Ребенок в таком возрасте обычно так яростно не сосет большой палец, но эта оставшаяся с колыбели привычка тревожила Брайана не столь сильно, в сравнении со взглядом девочки. В ее синих, с толикой лилового глазах читалось ожидание, и она определенно не ждала ничего хорошего.
Воздух загустел, как бывает перед раскатами грома, молниями и проливным дождем.
— Где кухня? — спросила Эми.
Джанет повела их через арку в коридор, по обе стороны которого находились темные, напоминающие затопленные гроты, комнаты. Дочка шла рядом с ней, прицепившись к матери, как рыба-прилипала — к акуле.
Коридор кутался в тенях, за исключением дальнего конца: из комнаты за ним падал узкий клин яркого света.
Тени, казалось, вибрировали, но это движение обуславливалось лишь сильными ударами сердца Брайана, которые отдавались в глазах.
Посередине коридора стоял мальчик, привалившись лбом к стене, сжимая виски кулаками. Лет шести от роду.
И выл от горя. Вой этот напоминал звук, который слышится, когда воздух, молекула за молекулой, выходит из продырявленного надувного шара.
— Все будет хорошо, Джимми. — Джанет положила руку мальчику на плечо, но он отпрянул в сторону.
Сопровождаемая дочерью, она проследовала в дальний конец коридора, распахнула дверь, резко расширив полосу падающего в коридор света.
Войдя на кухню вслед за двумя женщинами и девочкой, Брайан почти поверил, что источник света — золотистый ретривер, сидящий в углу между плитой и холодильником. Собака, казалось, сияла.
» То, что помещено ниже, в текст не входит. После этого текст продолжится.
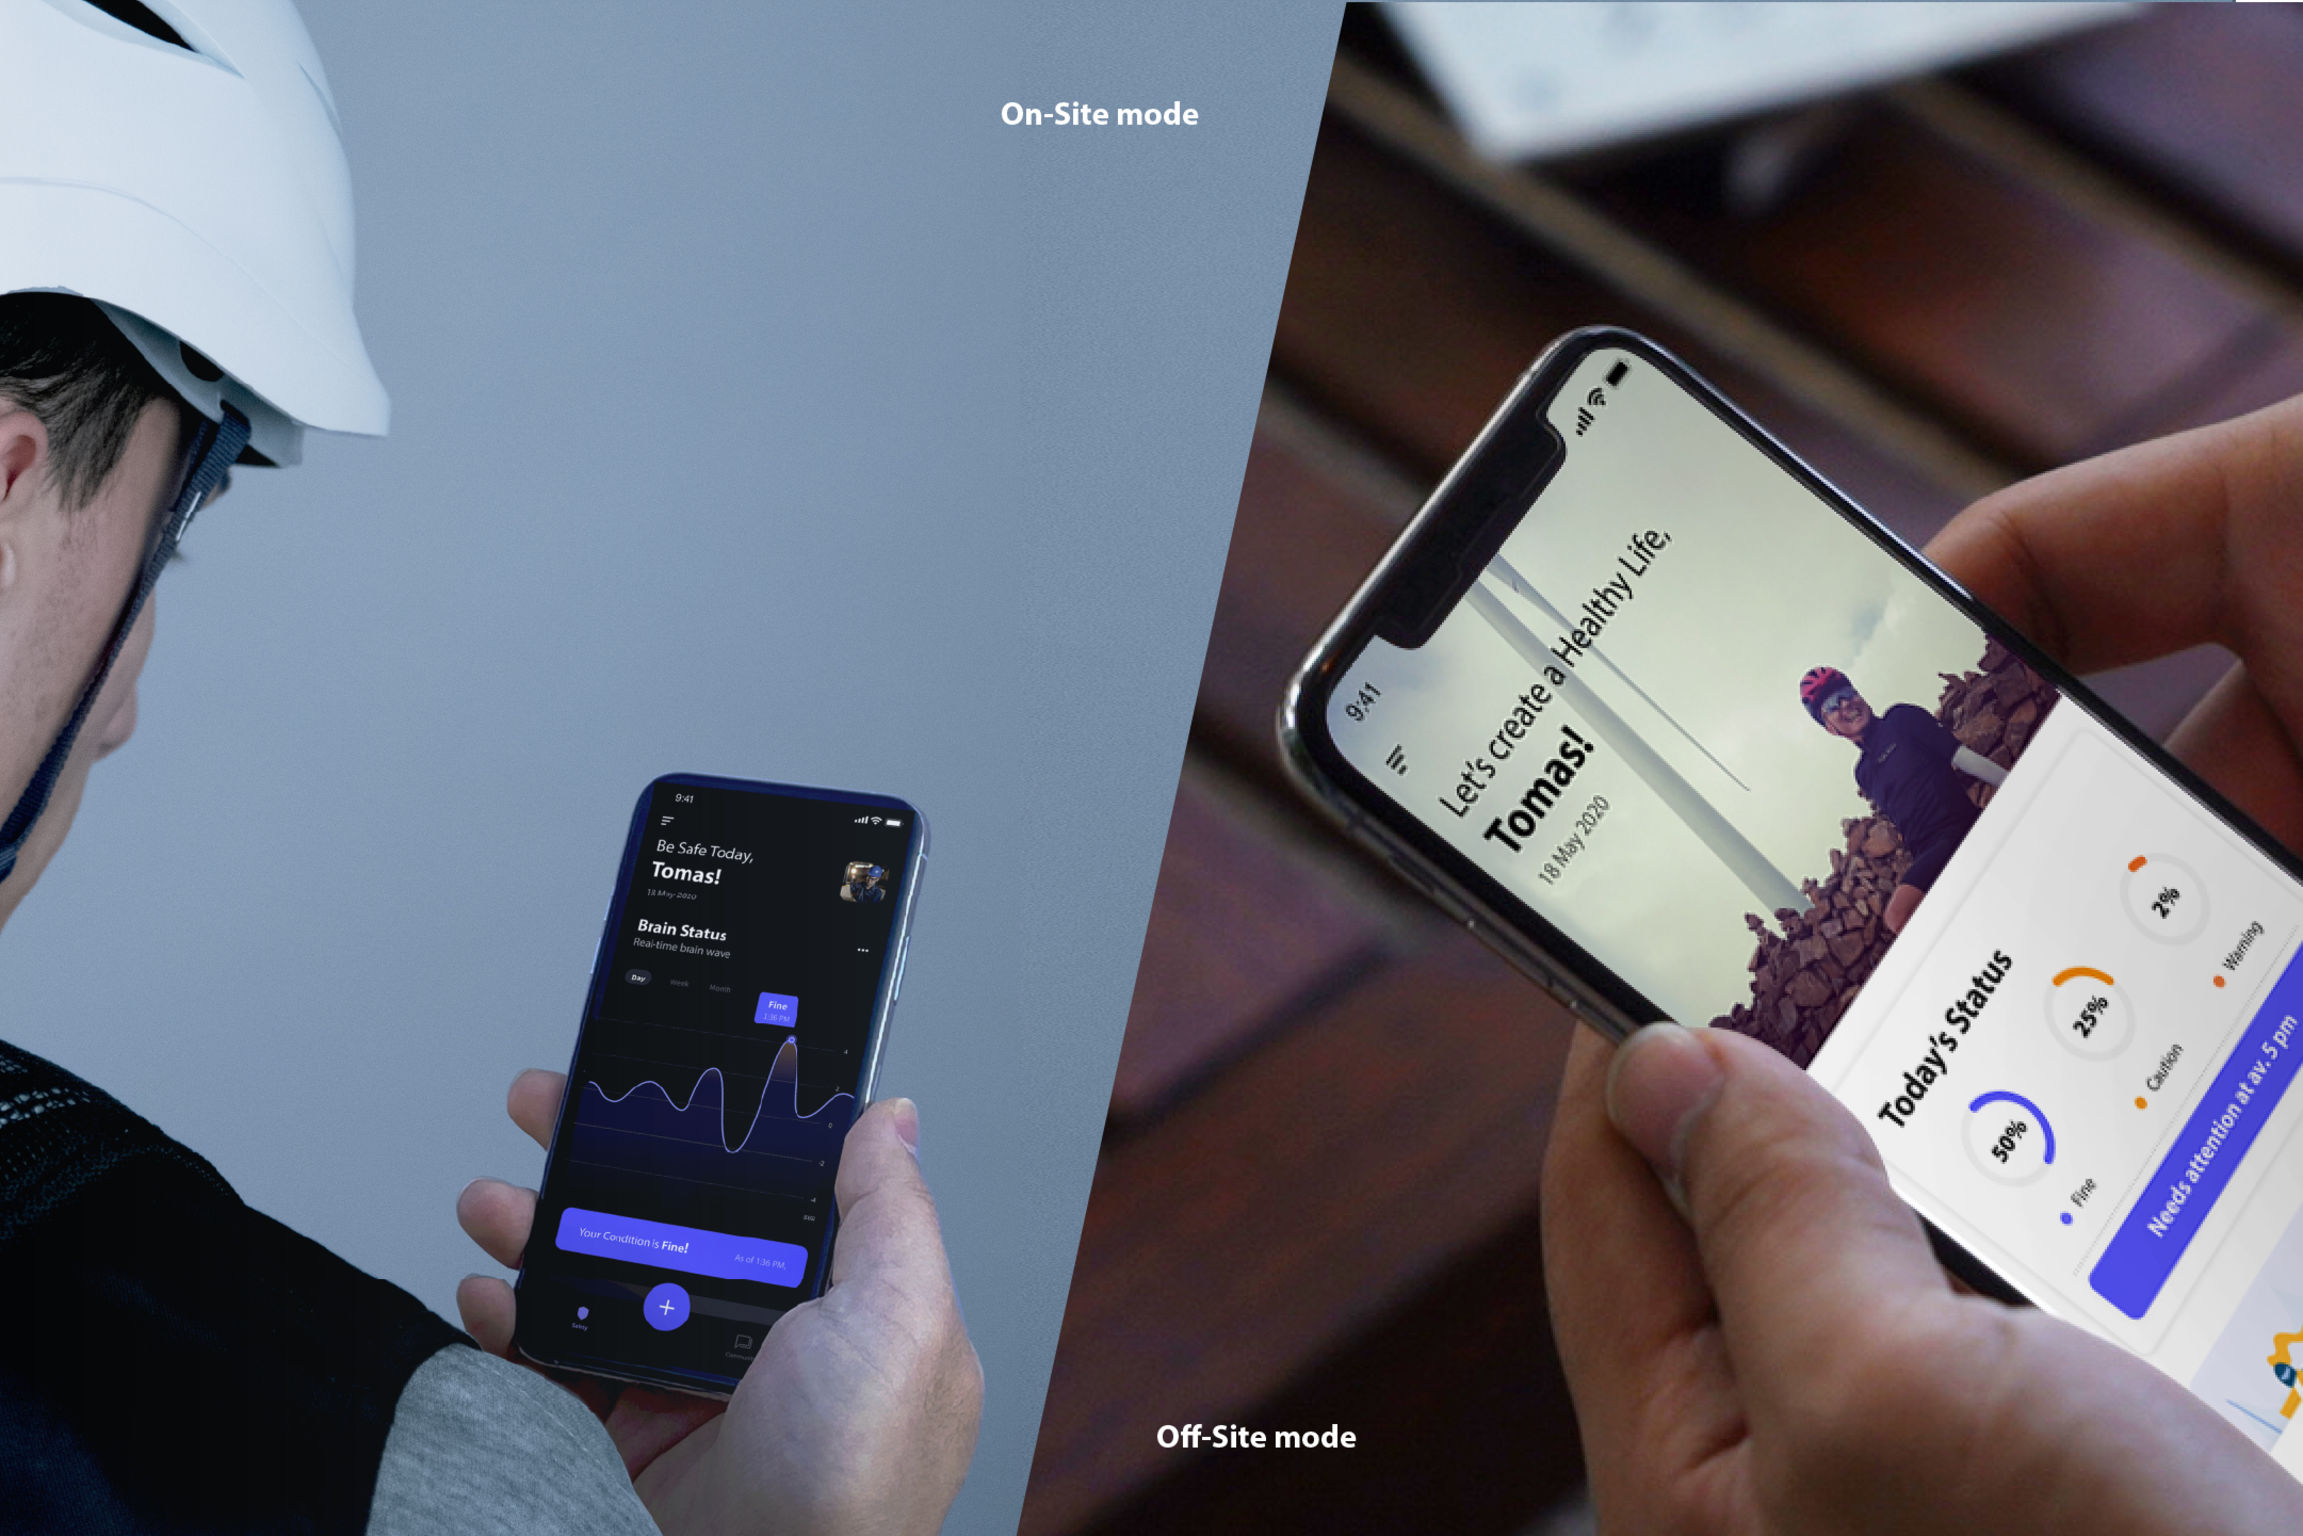 스마트헬멧과 연계한 '웨이브 앱(Wave App)' 어플리케이션 | 사진: 김관명-김황 교수팀

Не чисто белая, не медная, как некоторые ретриверы, она переливалась различными оттенками золота. Брайан сразу отметил и густую шерсть, и широкую грудь, и прекрасную форму головы.
Сидела собака, вся подобравшись, со вскинутой головой. Настороженность ощущалась и по стоящим торчком ушам, и по раздувающимся ноздрям.
Она не повернула голову в сторону Эми и Брайана, только скосила глаза, и тут же вновь сосредоточилась на Карле.
У хозяина дома в этот момент видок был не очень. Когда он был трезв, лицо его, вероятно, не отличалось от тысяч лиц, которые встречаются на улицах большого города: маска полнейшего безразличия, поджатые губы, взгляд, устремленный в далекое никуда.
Теперь же, когда он стоял у кухонного стола, на его лице отражался целый букет эмоций, пусть и не делающих чести человеку. Налитые кровью глаза влажно поблескивали, смотрел он исподлобья, словно бык, окруженный красными тряпками. Челюсть чуть отвисла. Губы потрескались, возможно, от хронического обезвоживания, свойственного алкоголикам.